Baía de Guanabara
Tânia Rêgo/ Arquivo Agência Brasil
Um estudo do Instituto Rio Metrópole que prevê a criação de um Centro de Emergência Ambiental na área do antigo Estaleiro Caneco aponta que as dezenas de embarcações abandonadas ou ociosas na Baía de Guanabara pode causar novos vazamentos e obstruir a infraestrutura do Porto do Rio de Janeiro.
Ao mesmo tempo, o Instituto Estadual do Ambiente afirma que o processo de retirada dos 80 casos abandonados está na fase preparatória dos documentos de contratação da empresa especializada. A promessa era começar a remoção ainda no segundo semestre de 2025 e terminar em 2028.
Em 2023, meses após o navio São Luiz, que estava abandonado desde 2016, colidir com a Ponte Rio-Niterói após ficar à deriva, uma força-tarefa chegou a ser montada pelo Governo do Rio e a Capitania dos Portos que prometeram retirar 51 embarcações das águas naquele ano. No entanto, apenas seis foram removidas.
Os cascos estão localizados no Canal de São Lourenço, em Niterói, além de outras regiões nos municípios de Rio de Janeiro e São Gonçalo, principalmente ao redor da Ilha da Conceição.
O estudo do Instituto Rio Metrópole tem a ver com a utilização do tradicional Estaleiro Caneco, que foi arrematado pelo Governo em 2022 pelo montante de R$ 96 milhões. Mas, três anos depois, ainda não há definição sobre o destino do espaço, que já foi considerado um dos principais complexos industriais do país, na Zona Portuária. A promessa era transformar o terreno em um polo para incentivar a pesca e outras atividades econômicas.
O termo de posse do Estaleiro Caneco, que ocupa uma área de 135 mil metros quadrados, foi assinado em janeiro deste ano e publicado em Diário Oficial.
No entanto, o governo deve travar nos próximos meses uma batalha judicial.
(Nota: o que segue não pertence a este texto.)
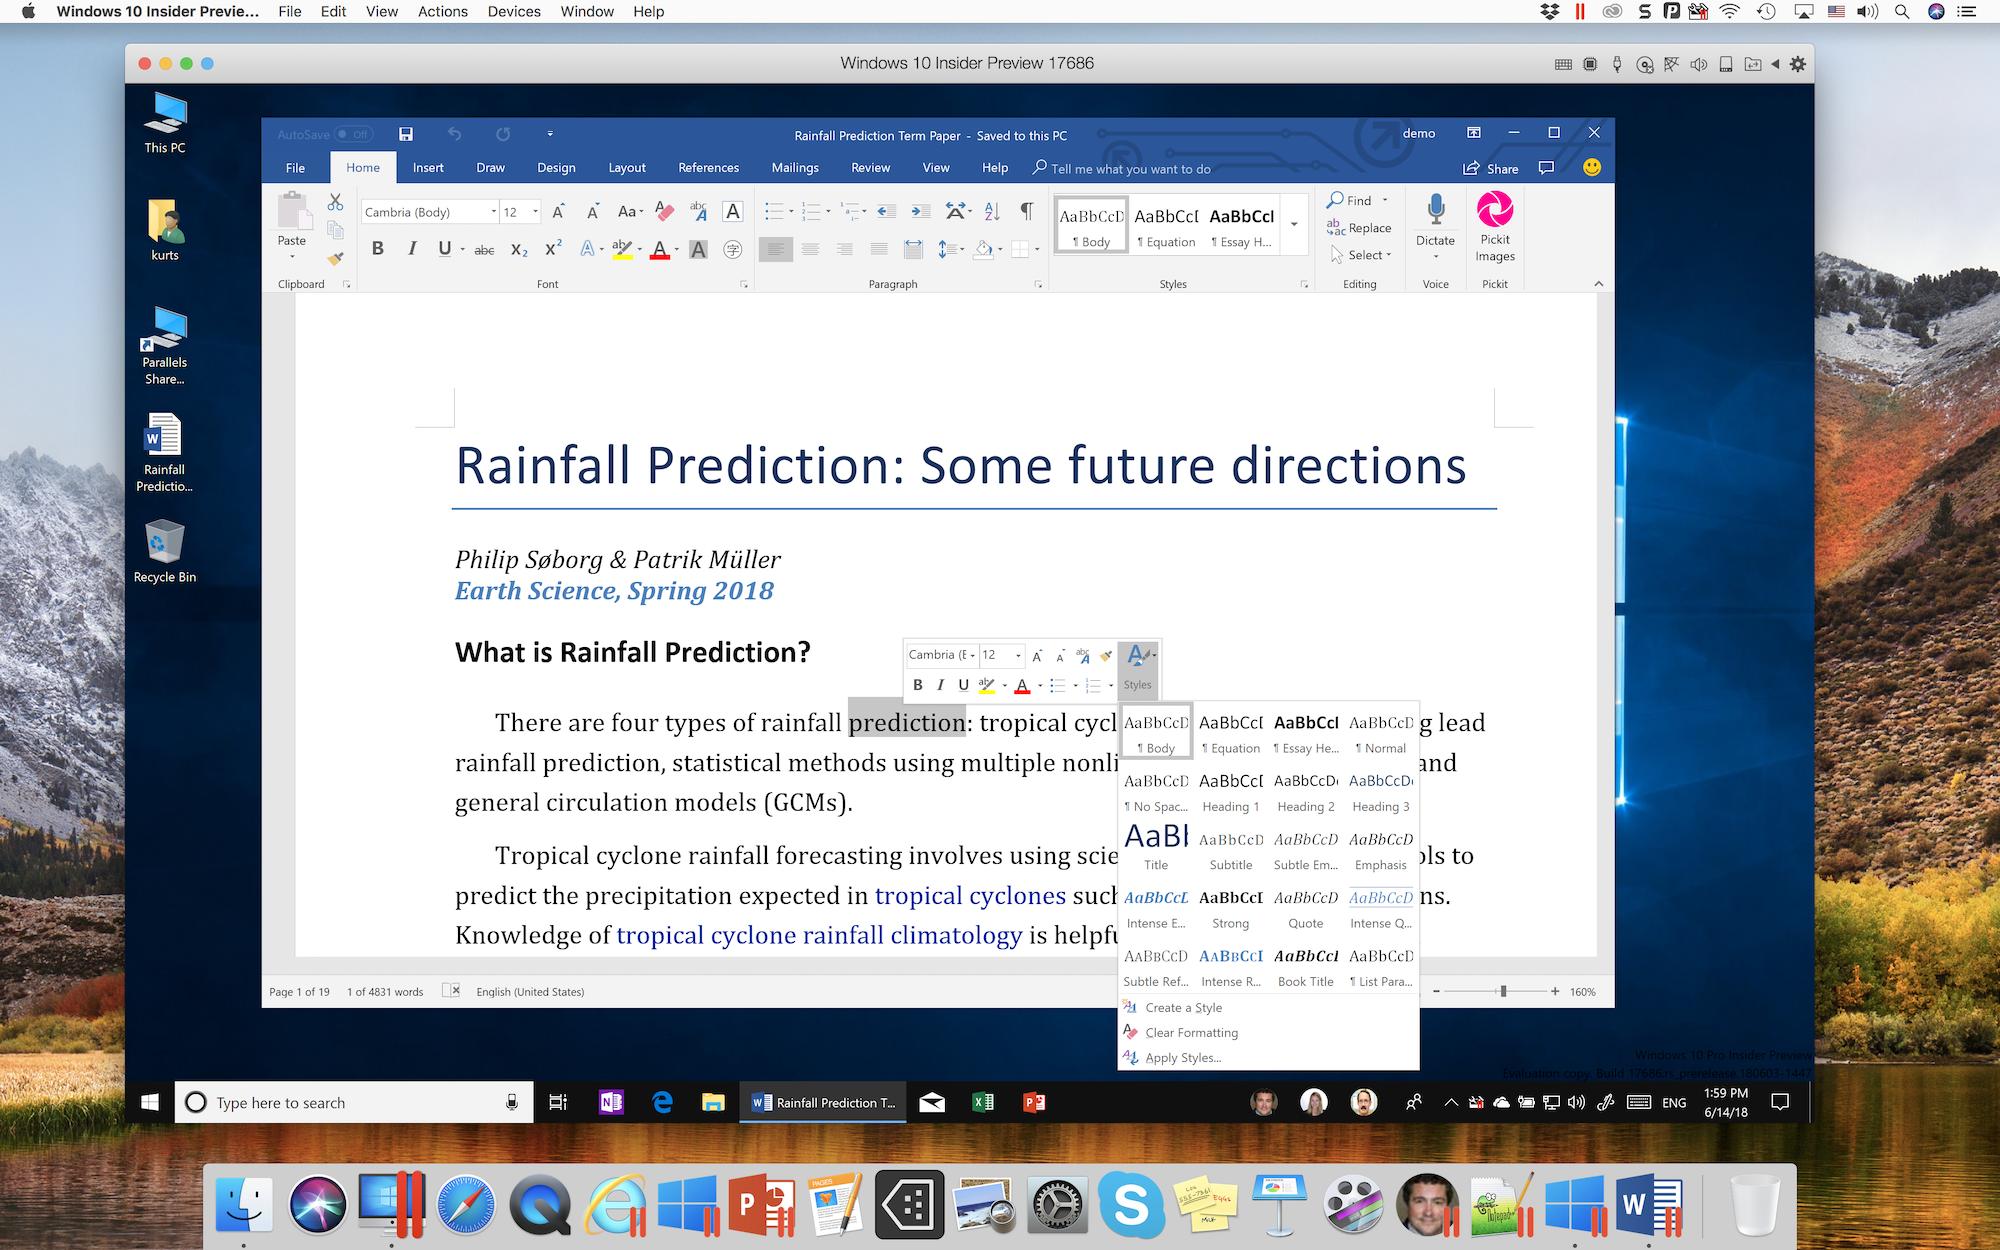 How to downgrade Parallels Desktop?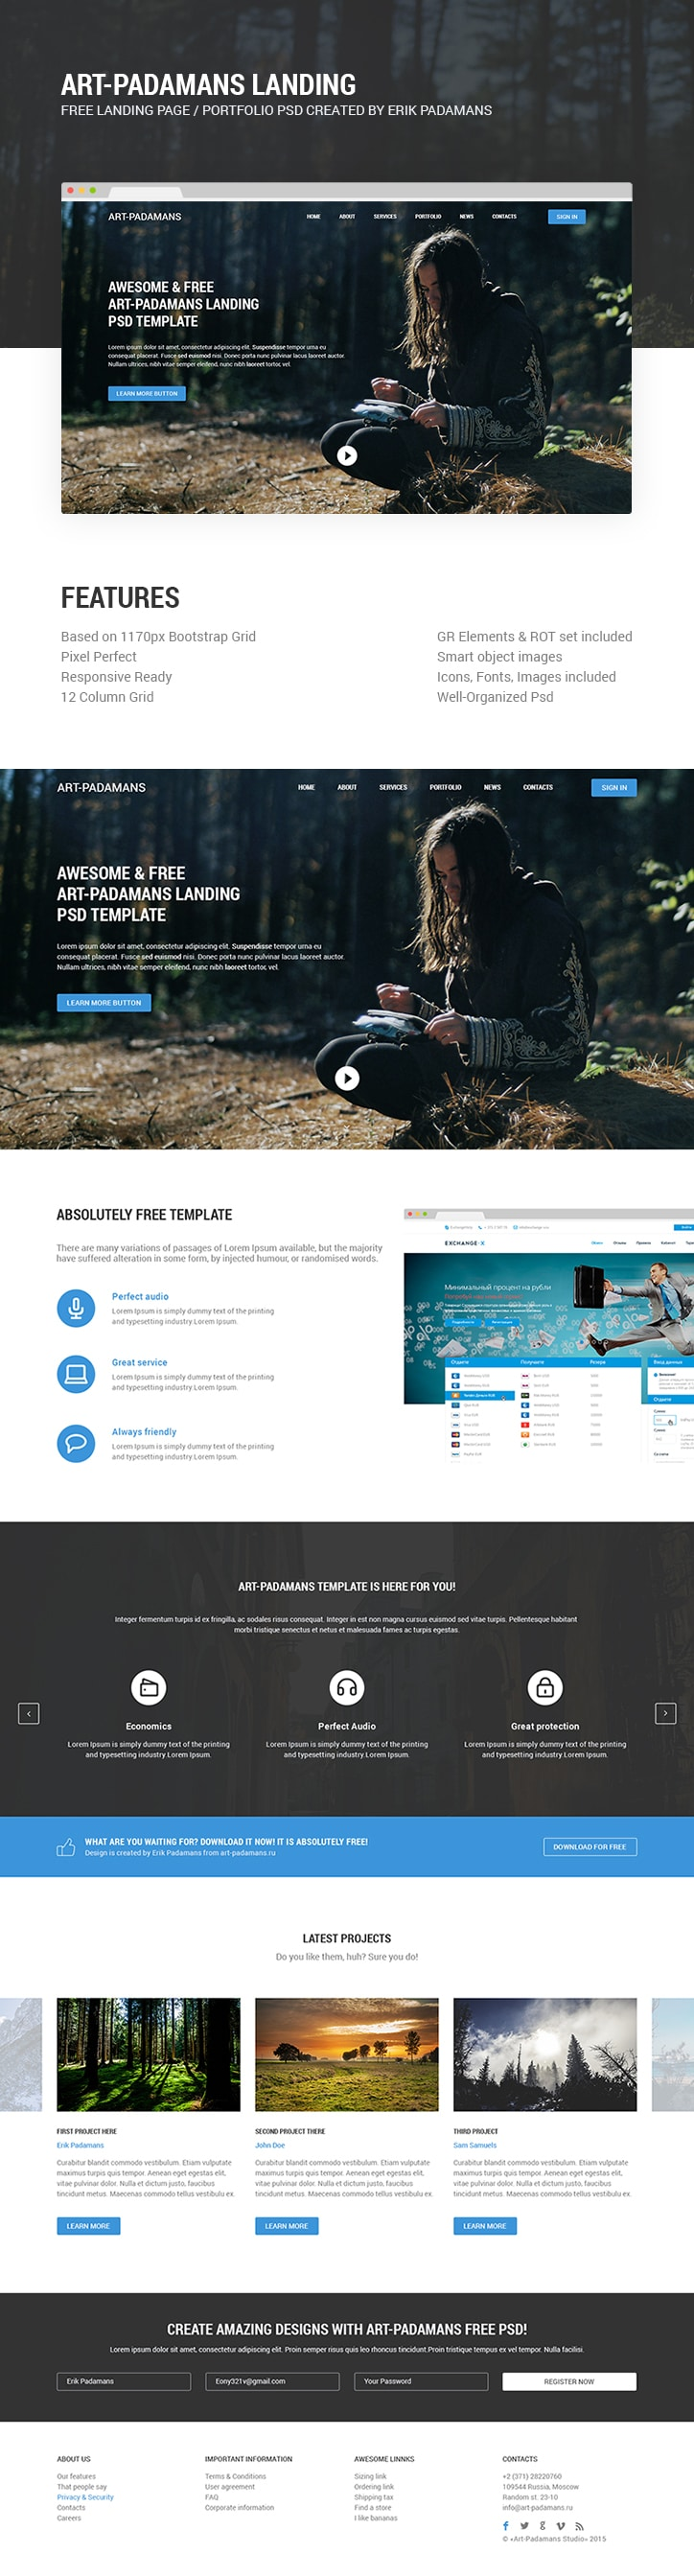 Art-Padamans Landing Page Web Template PSD

Isso porque, durante análise técnica, identificou que, além dos registros indicados no edital de leilão da Massa Falida do Estaleiro Caneco, há mais seis áreas que integram o terreno.
O problema é que as matrículas estão em nome de terceiros. Uma das possibilidades avaliadas é a ação de usucapião.
No início do mês, o governador Cláudio Castrou criou a Subsecretaria de Gestão Portuária e Atividades Navais, que será responsável pelo desenvolvimento de projetos de gestão, estudos e operação do antigo Estaleiro Caneco e pelo descomissionamento de embarcações na Baía de Guanabara.
Enquanto isso, o Instituto Rio Metrópole recebeu duas propostas para instalar um Centro de Emergência Ambiental na área do estaleiro em razão dos desafios da Baía de Guanabara, como vazamentos de óleos, acidentes industriais e degradação costeira.
Segundo o estudo, a vulnerabilidade a novos acidentes permanece alta, e o risco é constante devido ao tráfego marítimo e à infraestrutura antiga. O Centro serviria, por exemplo, para monitorar em tempo real de estações meteo-oceanográficas e de qualidade da água e elaborar respostas rápidas para acidentes ambientais.
Em nota, o Inea disse ainda que a retirada dos casos conta com investimento de R$ 25 milhões e todo o planejamento e logística do projeto será executado por técnicos do instituto. O órgão estadual afirmou que não há possibilidade de identificação dos proprietários tendo em vista o alto grau de degradação dos mesmos.